Question

A heater coil rated $1000\,W$ is connected to a $110\,V$ mains. How much time will it take to melt $625\,gm$ of ice at \[{0^ \circ }C\]? (\[{\text{L = 80calg}}{{\text{m}}^{{\text{ - 1}}}}\])
A. \[100\,s\]
B. \[150\,s\]
C. \[200\,s\]
D. \[210\,s\]

Answer 1

Hint: Learn the Joule’s law of heating for resistive circuits and find latent heat of ice to find the time required. The Joule’s heating for a resistive circuit is proportional to the square of current flowing, the resistance of the circuit and the time.

Formula used:
The Joule’s law of heating in an electric circuit is given by,
\[H = {I^2}Rt\]
where, \[I\] is the current through the circuit, \[R\] is the resistance of the circuit and \[t\] is the time passed.
The latent heat of mass $m$ is given by,
\[H = mL\]
where, $L$ is the specific latent heat of the object at a fixed temperature (melting or boiling or freezing point)

Complete step by step answer:
We have given here 635gm of ice at \[{0^ \circ }C\] and it will be melted using a heater of 1000W. Now, the energy required to melt ice at \[{0^ \circ }C\] is equal to the latent heat of the ice. Now, the latent heat of mass m is given by, \[H = mL\]. So, the heat required to melt 625gm of ice at \[{0^ \circ }C\] will be,
\[H = 625 \times {\text{80 = 50000cal}}\]
\[\Rightarrow H = 21 \times {10^4}\,J\]

Now, this heat will be required to melt the ice now the energy loss of a circuit is given by the joule’s law of heating, \[H = {I^2}Rt = Pt\] where, \[I\] is the current through the circuit, \[R\] is the resistance of the circuit and \[t\] is the time passed, where P is the power of the element.Now, putting the value of $H$ in the equation we will have,
\[21 \times {10^4} = {10^3}t\]
\[\therefore t = 210\,s\]
Hence the time required to melt $625\,gm$ of ice is \[210\,s\].

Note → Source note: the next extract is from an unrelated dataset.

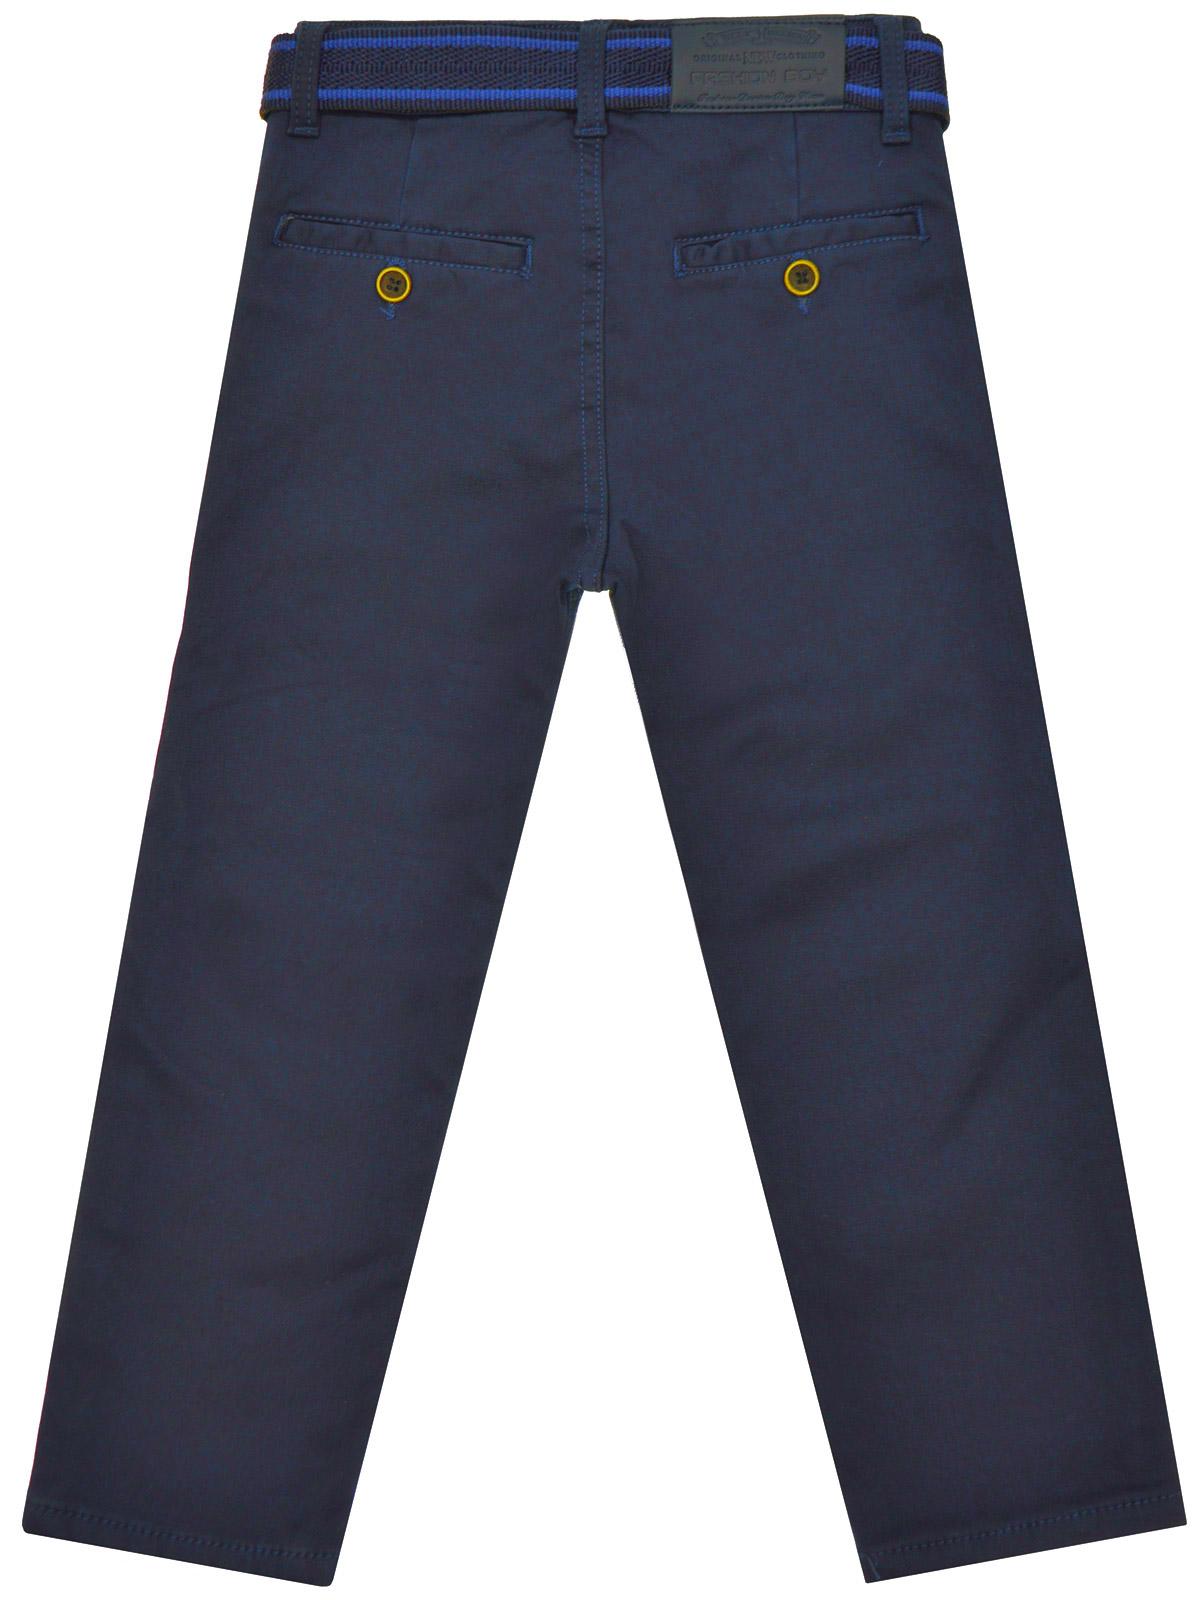 Enfants-Chino-THERMO-d-039-hiver-Pantalons-Garcons-Pantalon-Doublure-Stretch-Reglable-22904 miniature 3

Hence, option D is the correct answer.

Note:The heat energy required to melt ice from the freezing or melting point is equal to the latent heat of the material. But if it is melted from a higher temperature we have to find the heat energy required to drop the temperature to freezing point and then calculate the latent heat.